What is Epidemiology?
Epidemiology is the basic science of Preventive and Social Medicine. It can also be defined as the scientific discipline of public health to study diseases in the community to acquire knowledge for the health care of the society. Modern epidemiology is a vast subject. It has the following sub-categories:
- Infectious disease Epidemiology.
- Chronic Disease Epidemiology.
- Clinical Epidemiology.
- Genetic Epidemiology.
- Occupational Epidemiology.
- Cancer Epidemiology.
Epidemiological principles and methods can be used in Clinical research, Disease prevention, health promotion, health protection, and health services research. The results of epidemiological studies are also used by other scientists, including health economists, health policy analysts, and health services managers.
Importance of epidemiology.
- To eliminate or reduce the health problems of the community.
- To promote the health and well-being of society as a whole.
- Epidemiology helps to describe the distribution and magnitude of health and disease problems in the human population.
- To identify etiological factors (risk factors) in the pathogenesis of the disease.
- To provide data essential to the planning, implementation, and evaluation of services for the prevention, control, and treatment of disease and setting priorities among those services.
- Count health-related events.
- Epidemiology helps to describe the distribution of health-related events in the population.
- Identify risk factors for developing diseases.
- It helps identify causes or determinants of disease.
- Identify control and/or preventive measures.
- Establish priorities for allocating resources.
- Select interventions for prevention and control.
- Epidemiology helps to evaluate programs and to describe clinical patterns.
Basic principles of epidemiology.
Epidemiology is concerned with the frequency and pattern of health events in a population. Frequency includes not only the number of events in a population but also the rate or risk of disease in the population. Determining the rate of disease occurrences (the number of events divided by the size of the population) is critical for making valid comparisons across different populations.
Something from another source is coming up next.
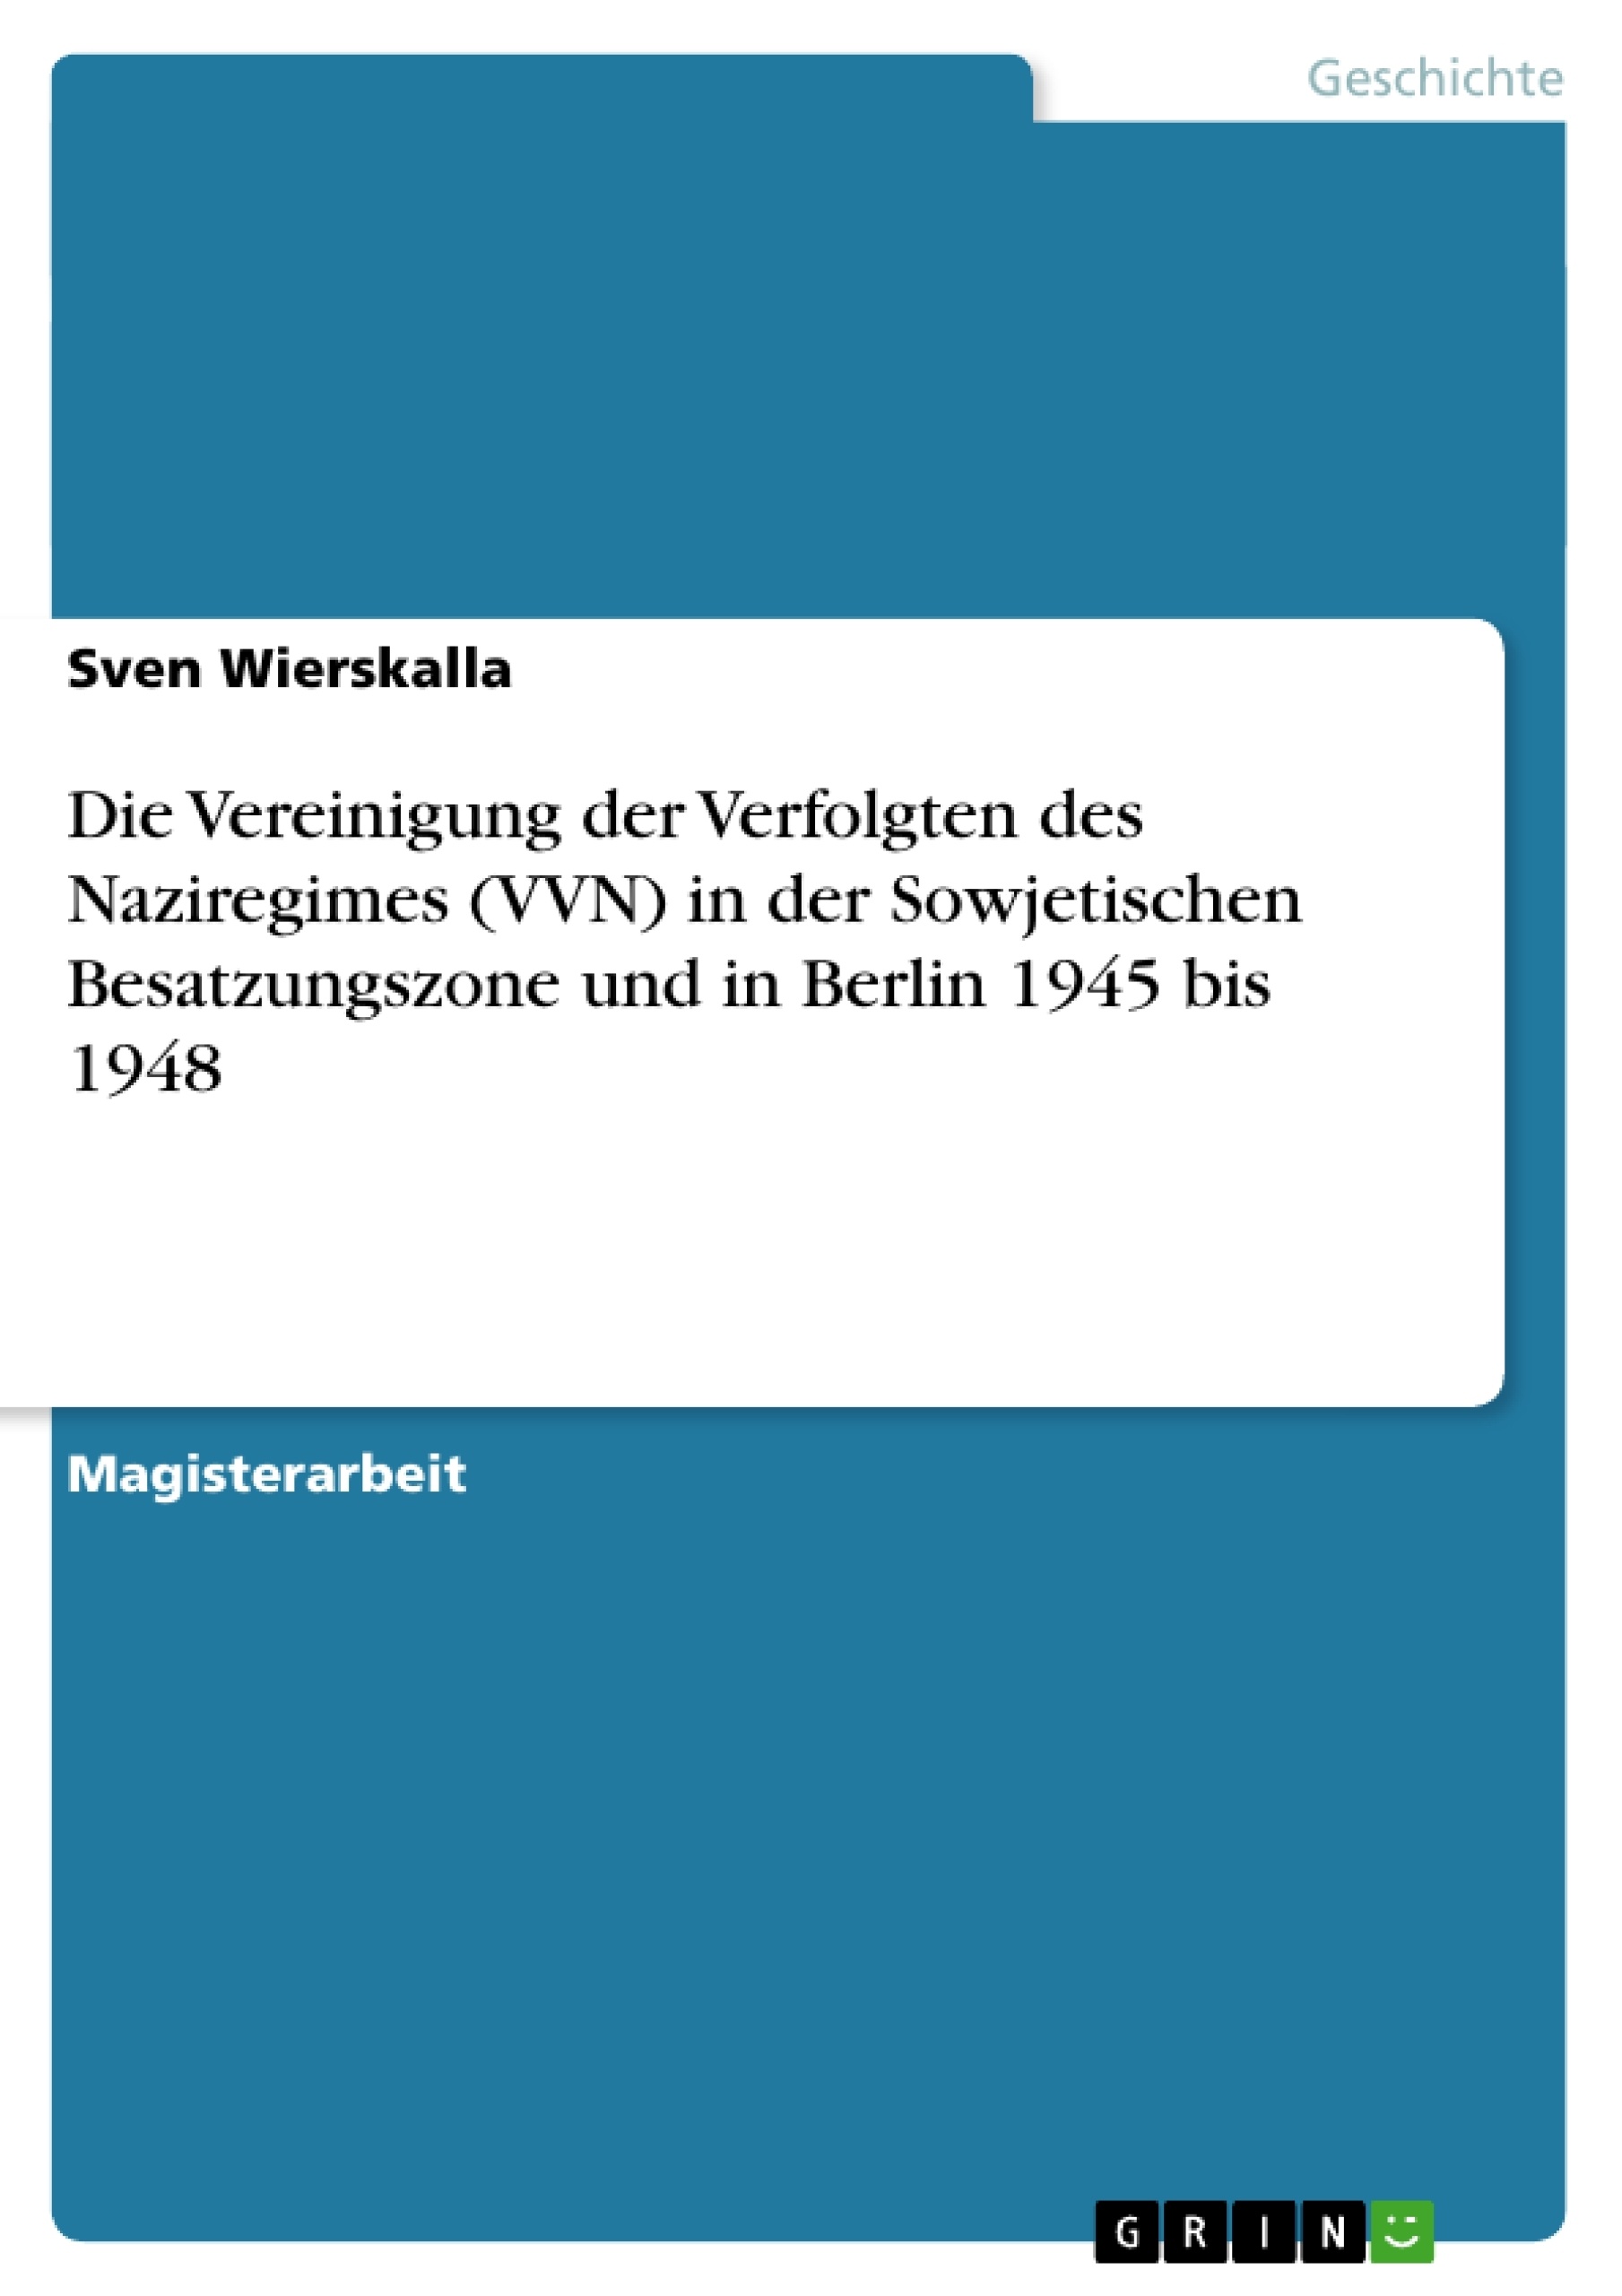 Titel: Die Vereinigung der Verfolgten des Naziregimes (VVN) in der Sowjetischen Besatzungszone und in Berlin 1945 bis 1948

Epidemiology is also used to search for causes and other factors that influence the occurrence of health-related events. The occurrence of a health-related event is usually related to multiple determinants that should be considered. Examples of determinants include host susceptibility to disease and opportunity for exposure to a microorganism, environmental toxin, insect vector, or another infected individual that may pose a risk for acquiring the disease.
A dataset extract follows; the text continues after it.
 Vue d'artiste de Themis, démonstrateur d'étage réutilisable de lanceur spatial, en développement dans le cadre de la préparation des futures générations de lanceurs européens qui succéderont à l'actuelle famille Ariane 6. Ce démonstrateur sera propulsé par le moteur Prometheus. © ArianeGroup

Epidemiologists are concerned with the collective health of people in a community or other area and the impact of health events on that population.
Epidemiology provides data for directing public health action. An epidemiologist uses the scientific methods of descriptive and analytic epidemiology in “diagnosing” the health of a community, but also must call upon experience and creativity when planning how to control and prevent disease in the community.